I've been doing a lot of research on 301 (permanent) redirects, and use of the rel=canonical tag, and I'm a little concerned my site's not doing a good job, and hence susceptible to duplicate content problems.
Check out this 301-redirect checker: http://www.ragepank.com/redirect-check/ and type in my site's URL: jobstr.com
All 22 of those URLs are returning a 200 (OK) message, when (unless I'm mistaken), only ONE of them should, right? Is this a problem?
But also weird is that of those 22 URLs, nearly all of them just link to "Page Not Found" pages on Jobstr, see: http://jobstr.com/index.htm
If they're going to Page Not Found pages, why don't those redirect checkers return a 404 code???
It looks like the CMS you are using, is returning a 200 and a 'page' for a 404, rathr than returning the actual 404 http status code.
http://jobstr.com/timtest.html for example, and use a test tool like Firebug / Chrome's web dev tools to see traffic.
The 404 response code is the server's response to a "file not found" error. However, if the CMS is redirecting to its own 404 script, then the server is finding that script (the CMS's index.php - surprise!) and serving it with the obligatory 200 response code. In other words, the CMS is handling the "file not found" error internally and the server is operating correctly.
I disagree. If there is no content interesting to humans and/or search engines on a given URI (i.e., a custom 404) page, the server must also return a HTTP status 404 to reflect this. The 404 status response is the main way to indicate to search engines that the content that could (maybe) be found previously on a URI is not /no longer there. Without 404 it would just keep all sites it ever found in it's index, regardless if the content is still there or not (okay, there is a concept called "soft 404", which does use HTTP status 200, but I don't want to get in to that.)
The fact there is a file to serve that content and that that file was found is completely irrelevant. So no, I don't think is the server is working correctly, it must send 404 not found headers on those pages.
Also, as stated in the RFC, 404 is simply "not found", not "file not found", which also suggests it's not about finding files but about finding resources.

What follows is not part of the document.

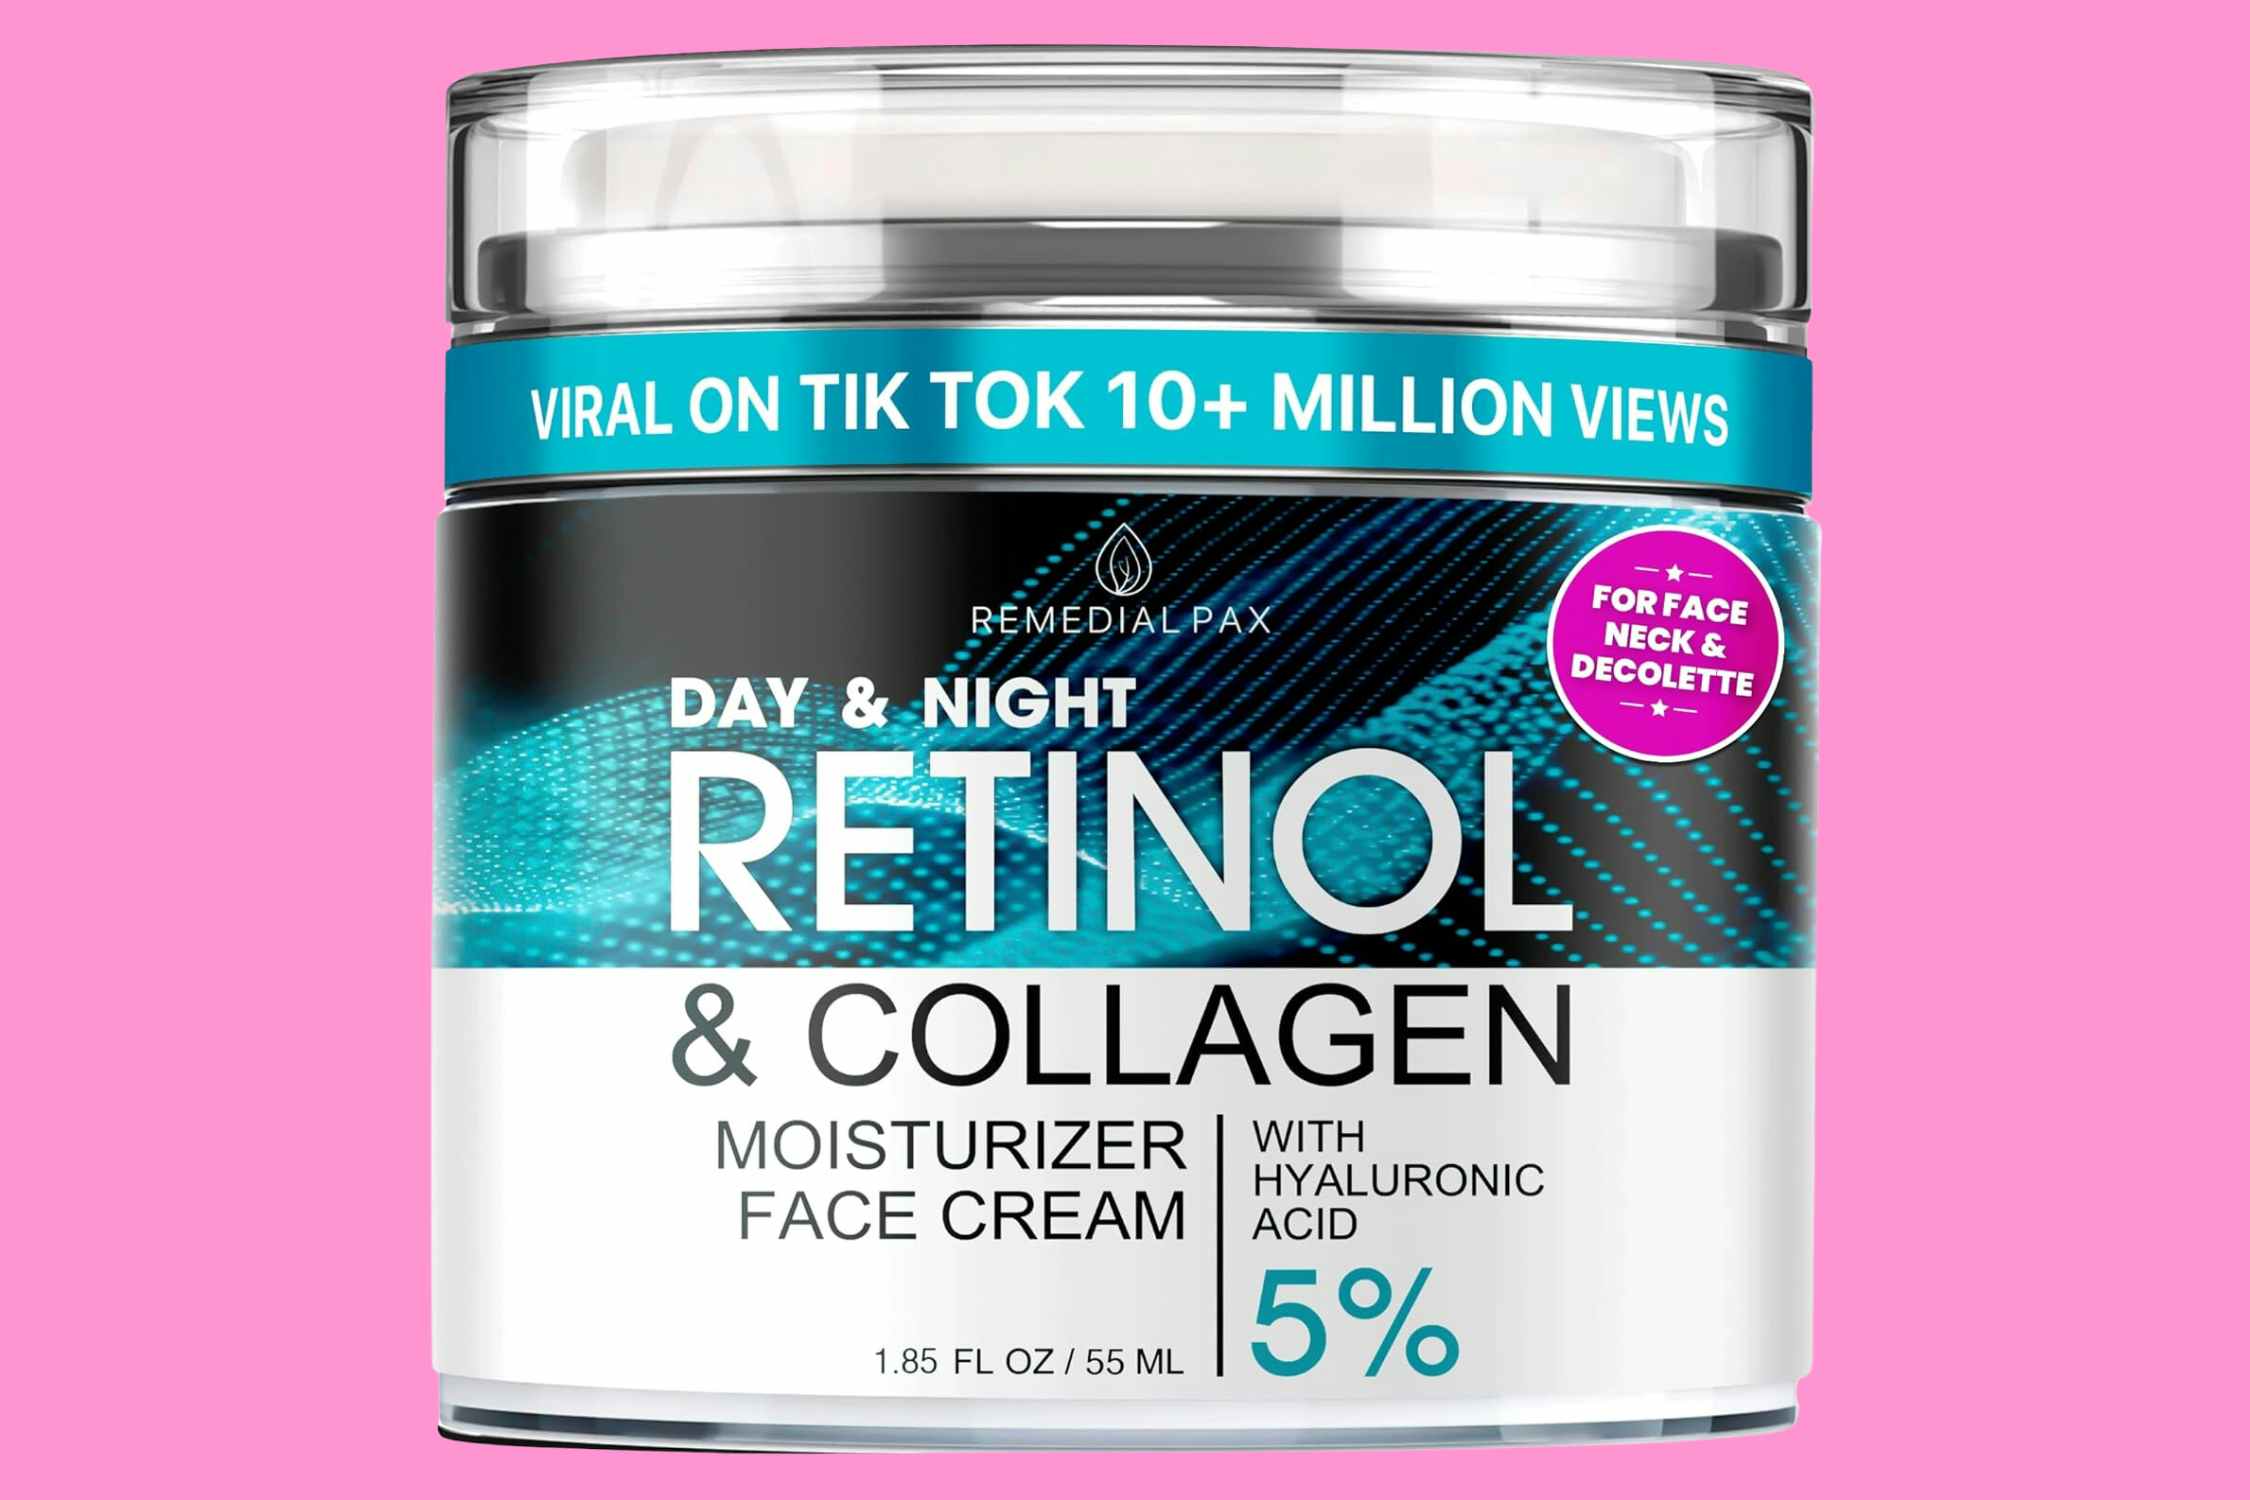 Retinol Cream Moisturizer, as Low as $7.19 on Amazon (Reg. $30)

The server may be operating correctly, according to the precise technical specification, but the system as a whole is not. If the CMS is handling 404s internally, such that requesting a page that doesn't exist returns a 200 A-OK, the CMS is not operating correctly. Any page on a live domain that does does not exist should return a 404 error. A key part of a search robot's role is to be able to identify where there are live pages, and if it gets a 200 A-OK for absolutely any old rubbish on a domain then it's harder to figure out which pages are still there and which are either dead or never existed in the first place. That's why robots sometimes request completely fictitious (and very unlikely) pages, to check if it can trust your site to correctly return a 404 error.
Thanks for the replies. The above bolded part is particularly concerning...I wasn't sure if this problem I originally posted about was (a) just a weird server quirk, or (b) materially detrimental to my site's SE profile. I'd gotten vague suggestions that it could be hurting me in that respect, but not anything quantifiable...this suggestion that SE's will ping you with fictitious pages to check the integrity of your 404 code...how big a deal is that?
It isn't a suggestion, it does definitely happen.
The reason they do that is so that they know whether they can trust 200 A-OK responses to be genuine pages. If they can then that's all well and good, and they know that any page giving a 200 A-OK is really there and any dead links or expired pages will come up as a 404. On the other hand, if you have a site that returns a 200 A-OK for any URL, the search engine needs to put a bit more effort into making sure that those URLs are returning genuine pages and not pseudo-error pages.
I don't know what effect that will have on your ranking, but it is unlikely to be good. The two possibilities are (i) that your pseudo-error page will make it into the search results (which of course wouldn't happen with a genuine 404), and I have definitely seen this happen, and (ii) that the extra checking needed to make sure each page is genuine would eat into the amount of crawl time that the search engine spends on your site, reducing the amount of time left for actually crawling and indexing the content.
This topic is now closed. New replies are no longer allowed.